This API creates an additional layer of code to maintain, and the type conversions performed in every method are duplicative. While it would have been preferable in theory to map the create function statements directly to the backing worker methods in the P2J runtime, this was not possible in most cases, for several reasons:

• The database functions created by the create function statement must use data types known to the database backend. The database schema of a P2J application uses the "primary" SQL types (e.g., integer, text, boolean, etc.) for its data. PL/Java currently offers no way to map these primary SQL types to custom Java classes (such as the P2J data wrapper types). This is necessary by PL/Java's design, because type mappings to Java classes actually are registered with the PostgreSQL backend, which relies heavily on the integrity and stability of its core types for internal processing. While PL/Java provides services to map some SQL types to Java classes, the primary SQL types are reserved; they have a hard-coded mapping to the J2SE wrapper types (e.g., java.lang.Integer, java.lang.String, java.lang.Boolean, etc.). As such, they CAN NOT be re-mapped to other Java classes. These primary types receive special consideration in PL/Java's internal implementation, such that they do not compromise the integrity of the backend.
  
• PL/Java permits the creation of user defined types (UDTs) within the backend, mapped to Java classes. This might have been the basis for an alternate implementation. However, to maximize portability, the backing data itself is not defined to use UDTs and is instead mapped directly to the primary SQL types. Thus, using UDTs just for the server-side function support layer this would have resulted in an overly complicated and impractical implementation.
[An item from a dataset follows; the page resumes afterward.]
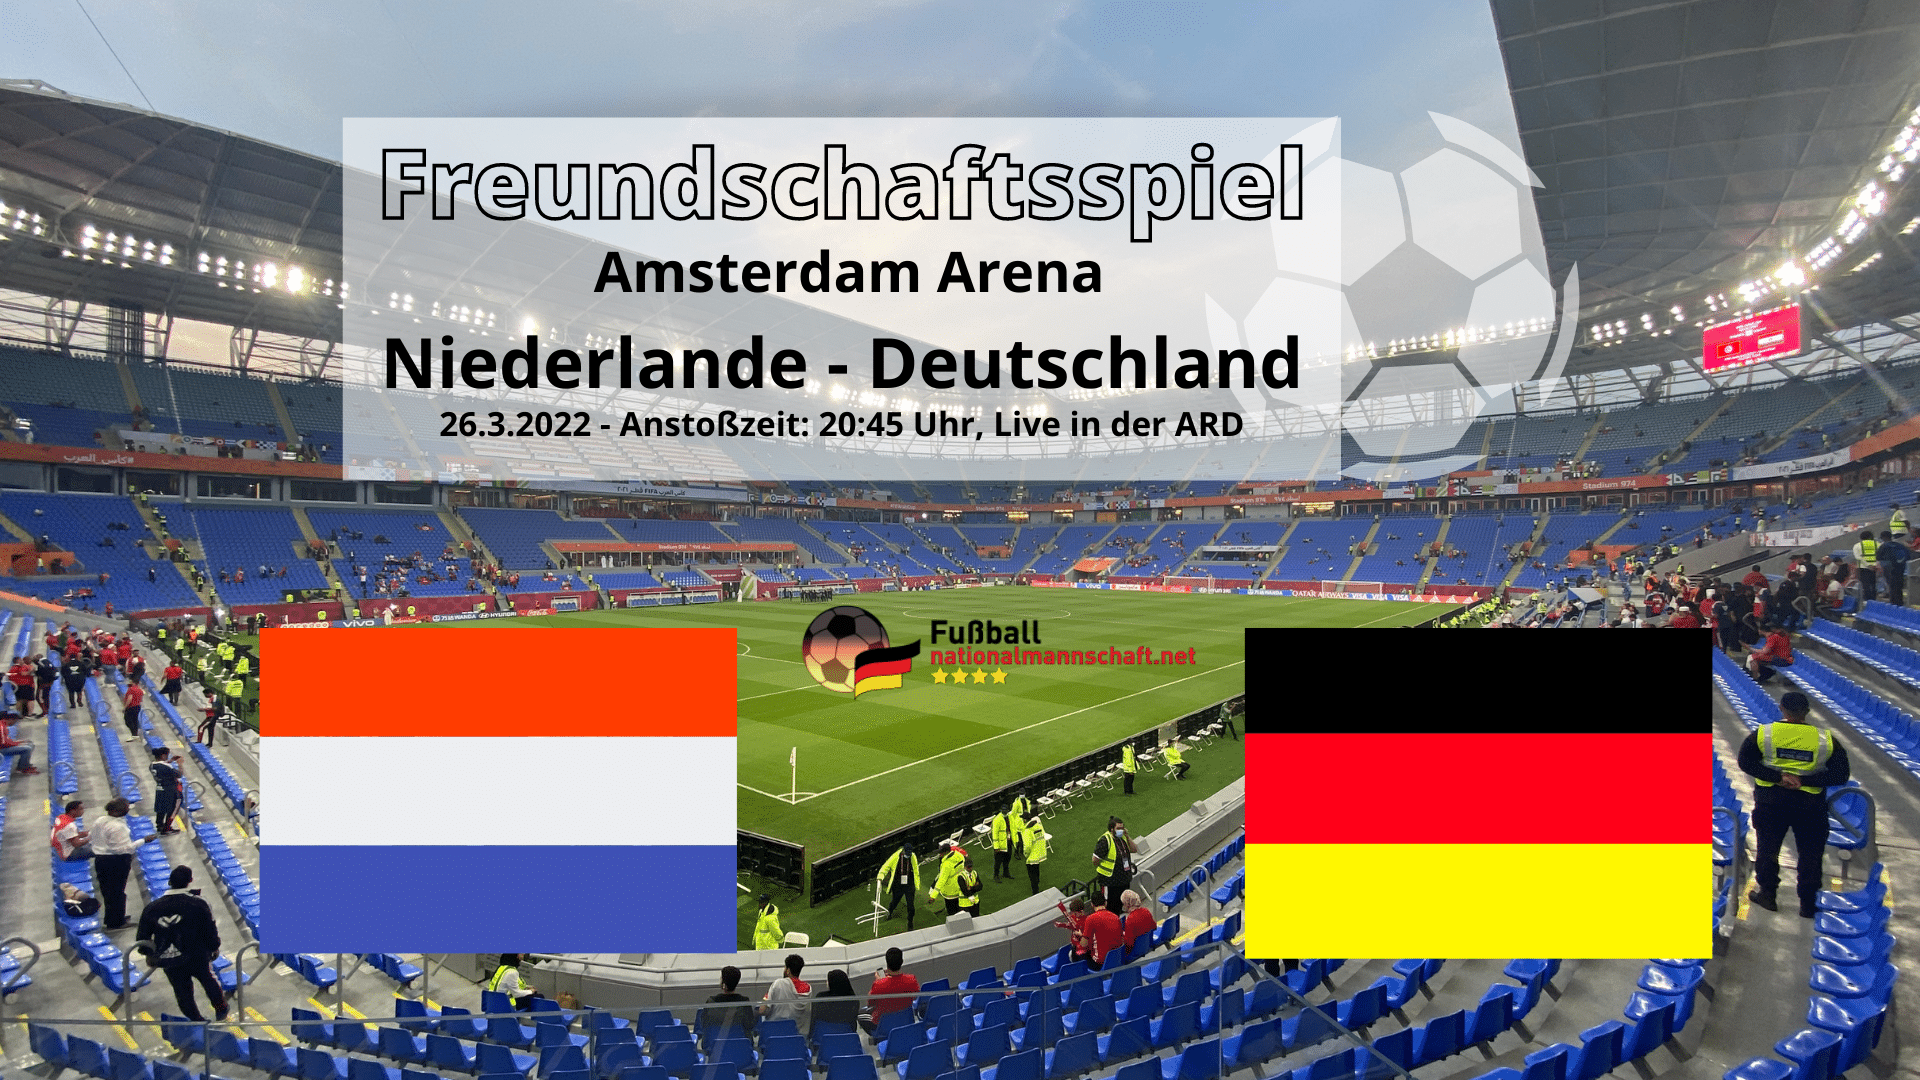 Voorbeschouwing van de interland tussen Duitsland en Nederland op 29.3.  De volgende interland van Duitsland
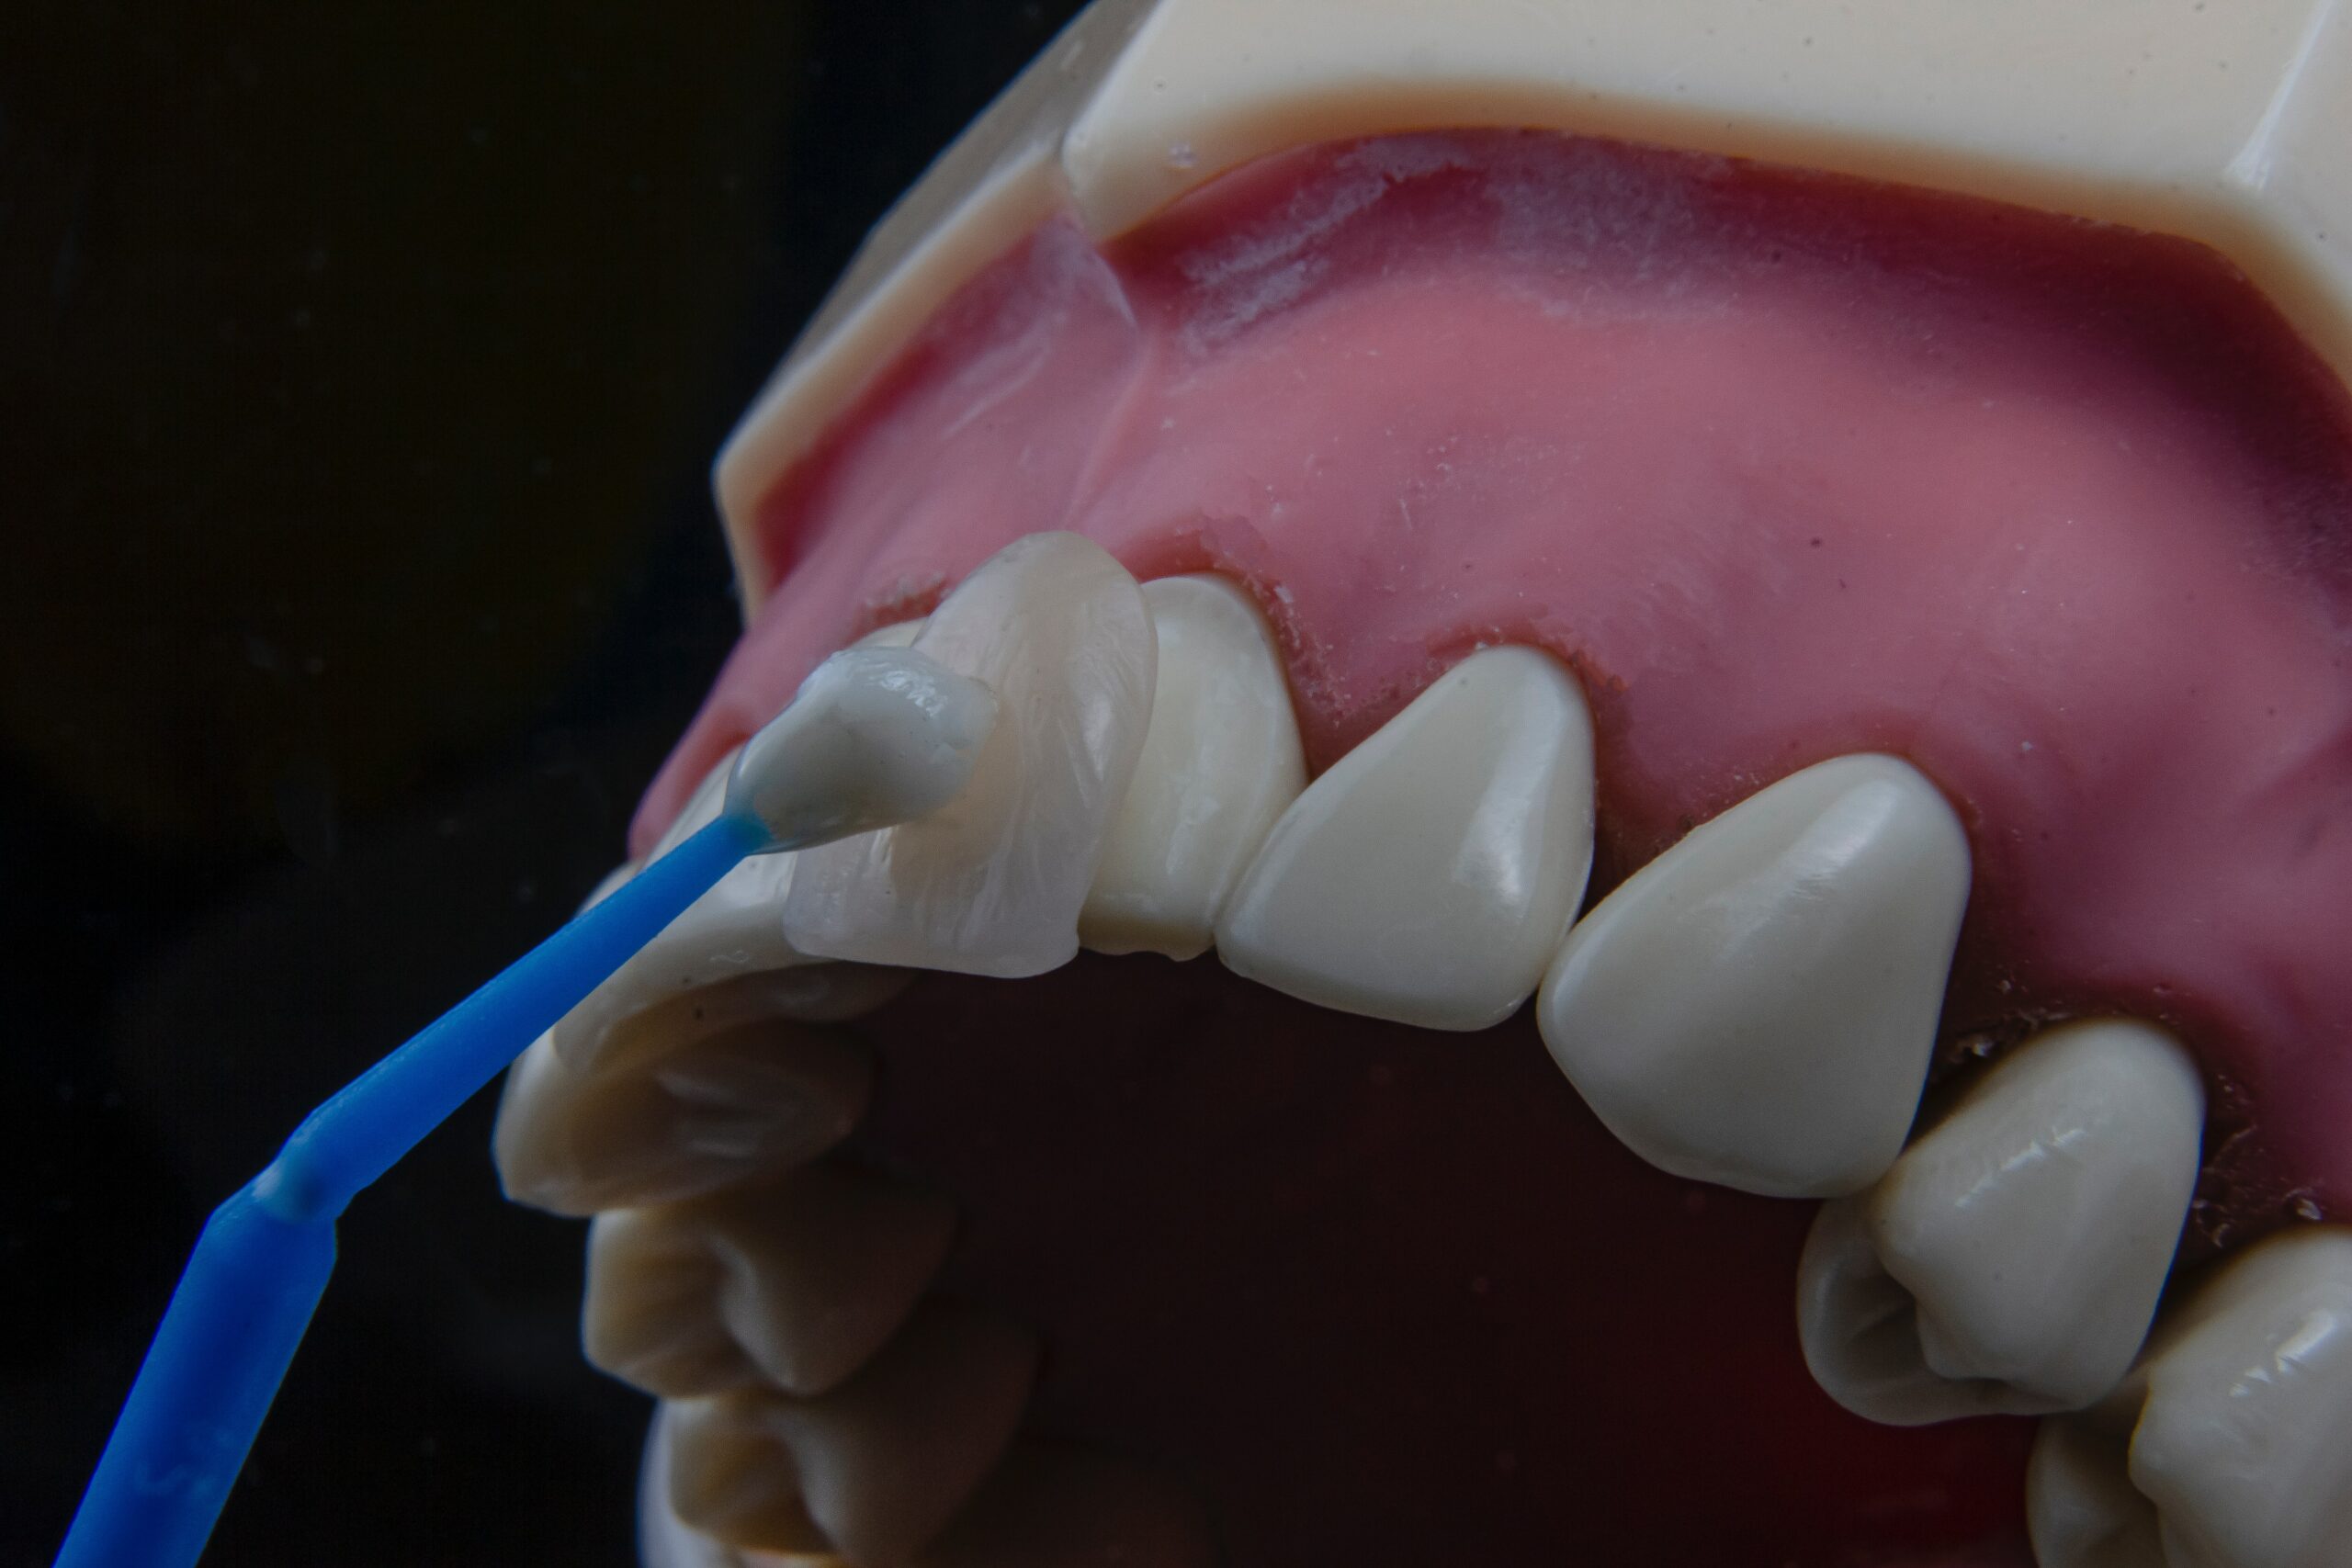 Dental veneer placed against a tooth

Therefore, a thin, forwarding API layer was deemed an appropriate implementation.

Function Resolution and Data Types

Special care must be taken when defining functions to ensure the PostgreSQL backend is able to resolve the proper function implementation. In particular, certain functions must be polymorphic to support a mixture of integral and arbitrary precision numeric data, particularly since it will not necessarily be known until runtime which data type will be used for a particular query. If a function whose signature matches the parameter data types provided at runtime cannot be found, an error will occur and the query will fail.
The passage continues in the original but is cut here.